Ce récit est repris par Eusèbe de Césarée, qui précise que cette reine Candace régnait dans l'île de Méroé de la terre des Éthiopiens[4]. De son côté, Pline l'Ancien rapporte que, de son temps, la reine de l'île de Méroé s'appelle Candace, et que ce nom se transmet depuis longtemps de reine en reine[5] : cette assertion semble en réalité une référence au mécanisme de succession original des rois de Koush, dans lequel la dignité royale pourrait être transmis de frère à frère ou de sœur à sœur.

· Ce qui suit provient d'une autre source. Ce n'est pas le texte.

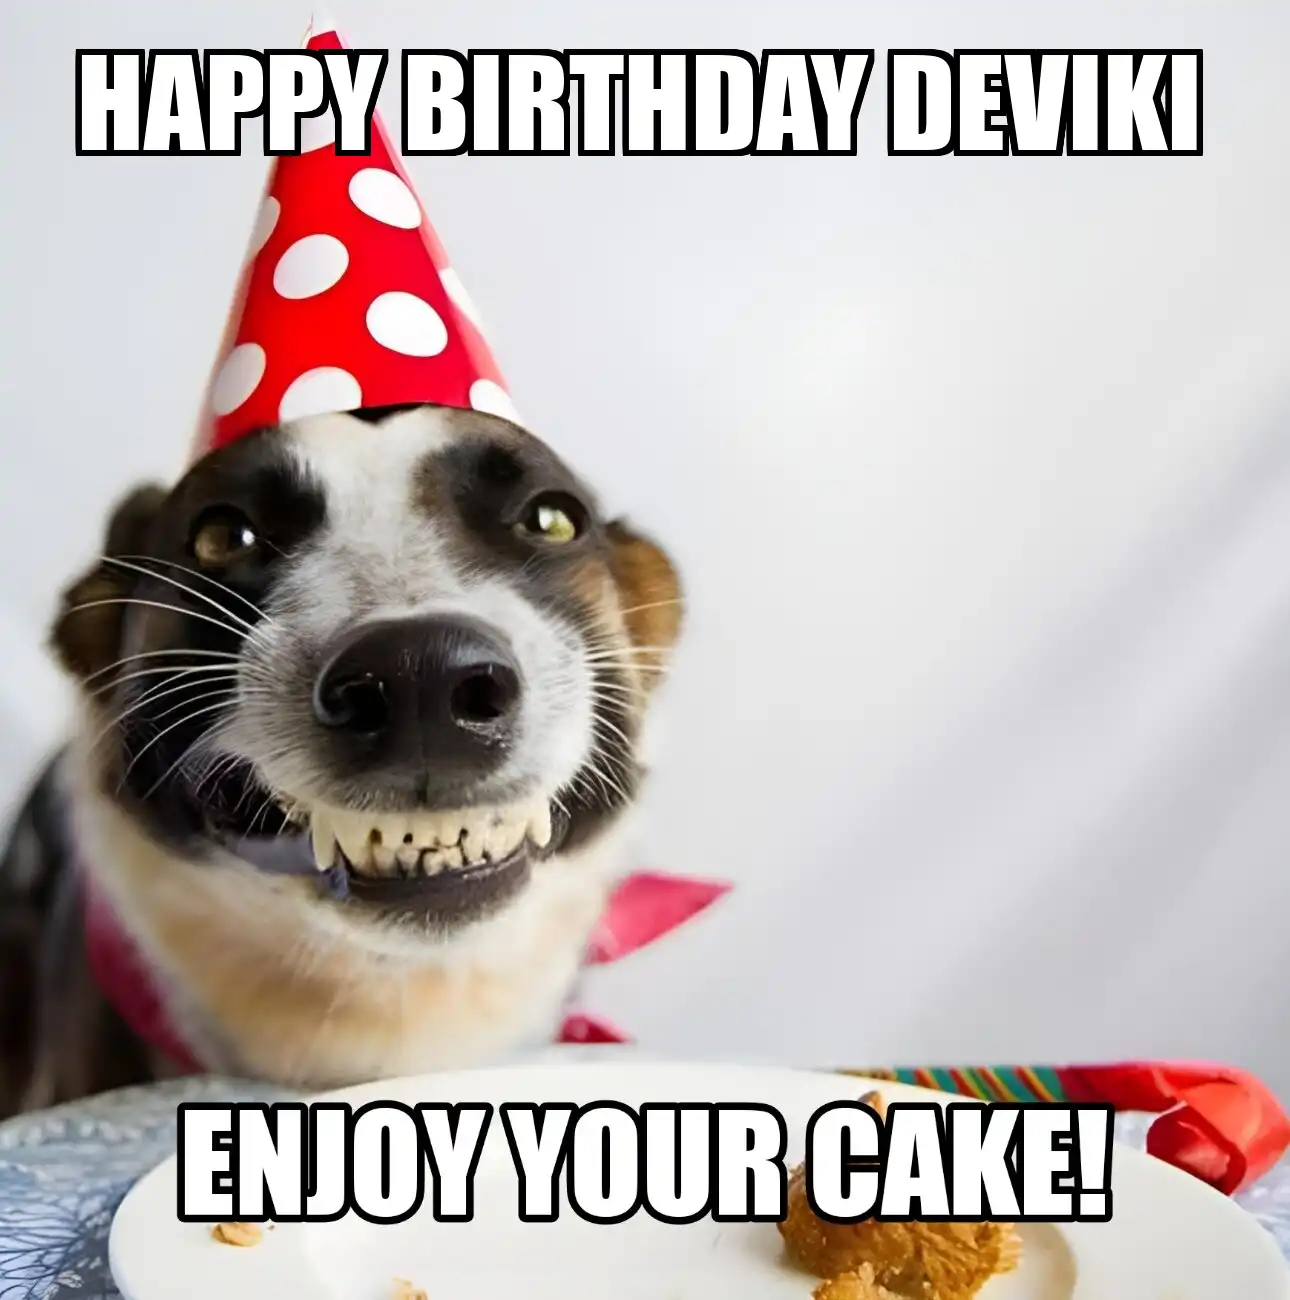 Happy Birthday Deviki Enjoy Your Cake Dog Meme
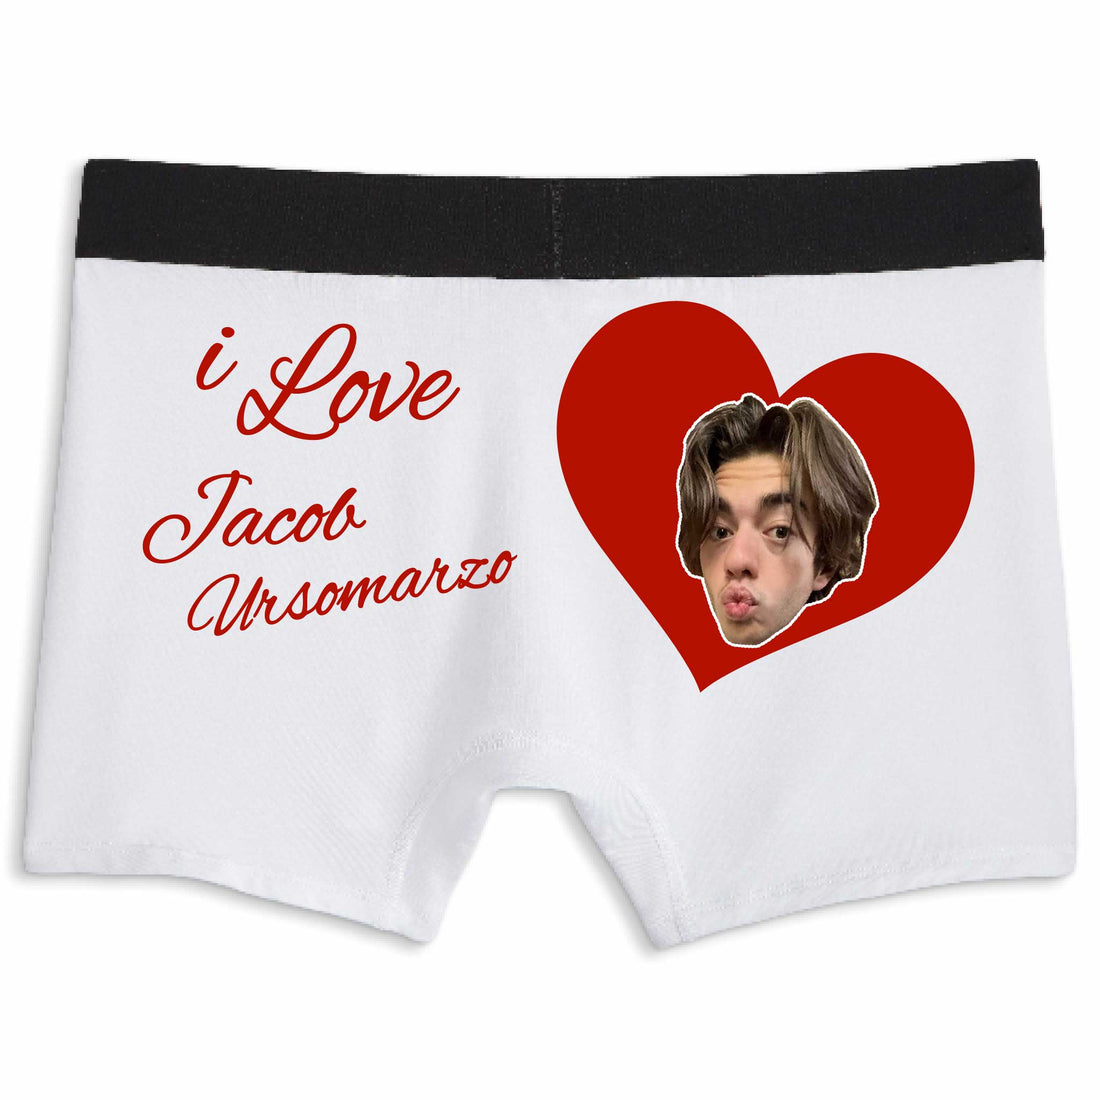 I Love Jacob | Boxer Briefs Underwear

« Juxtaque aliam insulam Tadu dextro subeuntibus alveo, quae portum faceret. Aedificia oppidi pauca ; regnare feminam candacen, quod nomen multis jam annis ad reginas transiit ; delubrum Hammonis et ibi religiosum et toto tractu sacella. Cetero cum potirentur rerum aethiopes, insula ea magnae claritatis fuit. »
« [...] À côté est une autre île, dite de Tadu (i.e. île de Méroé, ou Butana), qu'on rencontre en entrant par le bras droit du Nil, et qui fait un port ; la ville a peu d'édifices ; le pays est gouverné par une femme, la reine Candace, nom qui, depuis grand nombre d'années, passe de reine en reine. Amon a ici aussi un temple révéré, et l'on trouve des chapelles dans toute la contrée ; au reste, au temps de la puissance des Éthiopiens, cette île jouissait d'un grand renom »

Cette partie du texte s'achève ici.